If equal volumes of `0.1 M KMnO_(4)` and `0.1 M K_(2)Cr_(2)O_(7)` solutions are allowed to oxidise `Fe^(2+)` to `Fe^(3+)` in acidic medium, then `Fe^(2+)` oxidised will be:

To solve the problem, we need to determine how much `Fe^(2+)` is oxidized when equal volumes of `0.1 M KMnO4` and `0.1 M K2Cr2O7` are used in an acidic medium.

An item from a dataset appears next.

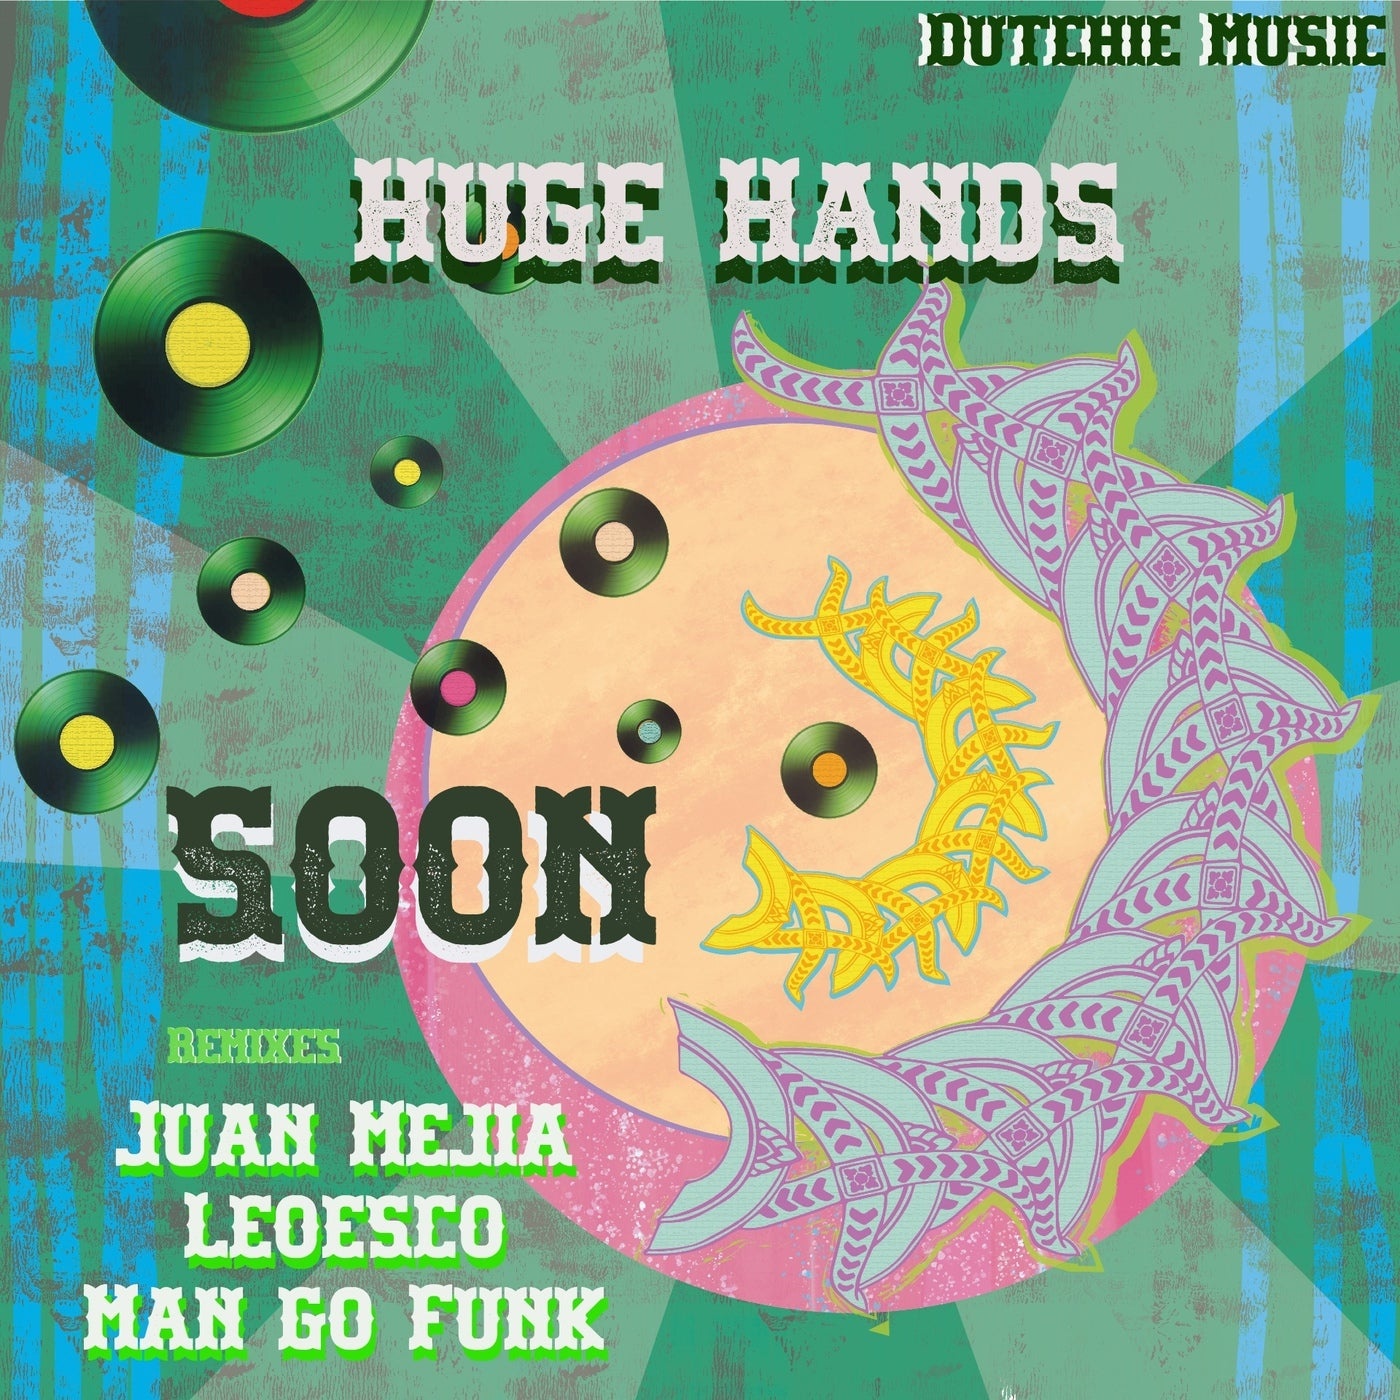 Huge Hands - SOON EP [DUTCHIE352]

We will analyze the oxidation-reduction reactions involved and calculate the equivalents of `Fe^(2+)` oxidized by each oxidizing agent. ### Step-by-Step Solution: 1. **Identify the Reducing Agents and Their Reactions**: - The two oxidizing agents are `KMnO4` and `K2Cr2O7`. - In acidic medium: - `KMnO4` reduces from `MnO4^-` (Mn in +7 oxidation state) to `Mn^(2+)` (Mn in +2 oxidation state), which involves the gain of 5 electrons. - `K2Cr2O7` reduces from `Cr2O7^(2-)` (Cr in +6 oxidation state) to `Cr^(3+)` (Cr in +3 oxidation state), which involves the gain of 6 electrons. 2. **Calculate the n-factor for Each Oxidizing Agent**: - For `KMnO4`, the n-factor is 5 (since it gains 5 electrons). - For `K2Cr2O7`, the n-factor is 6 (since it gains 6 electrons). 3. **Calculate the Normality of Each Solution**: - Normality (N) is calculated as: \[ \text{Normality} = \text{Molarity} \times \text{n-factor} \] - For `KMnO4`: \[ N_{KMnO4} = 0.1 \, M \times 5 = 0.5 \, N \] - For `K2Cr2O7`: \[ N_{K2Cr2O7} = 0.1 \, M \times 6 = 0.6 \, N \] 4. **Determine the Total Equivalents of Each Oxidizing Agent**: - Since equal volumes of both solutions are used, we can compare their normalities directly. - Let’s assume we take 1 L of each solution: - Equivalents of `KMnO4` = Normality × Volume = \(0.5 \, N \times 1 \, L = 0.5 \, eq\) - Equivalents of `K2Cr2O7` = Normality × Volume = \(0.6 \, N \times 1 \, L = 0.6 \, eq\) 5. **Determine the Amount of `Fe^(2+)` Oxidized**: - Since `K2Cr2O7` has a higher normality, it will oxidize more `Fe^(2+)` than `KMnO4`. - The total equivalents of `Fe^(2+)` oxidized will be equal to the equivalents provided by the limiting reagent, which in this case is `K2Cr2O7`. 6. **Conclusion**: - The amount of `Fe^(2+)` oxidized will be determined by the `K2Cr2O7` solution, which is 0.6 equivalents. ### Final Answer: The amount of `Fe^(2+)` oxidized will be more by `K2Cr2O7`.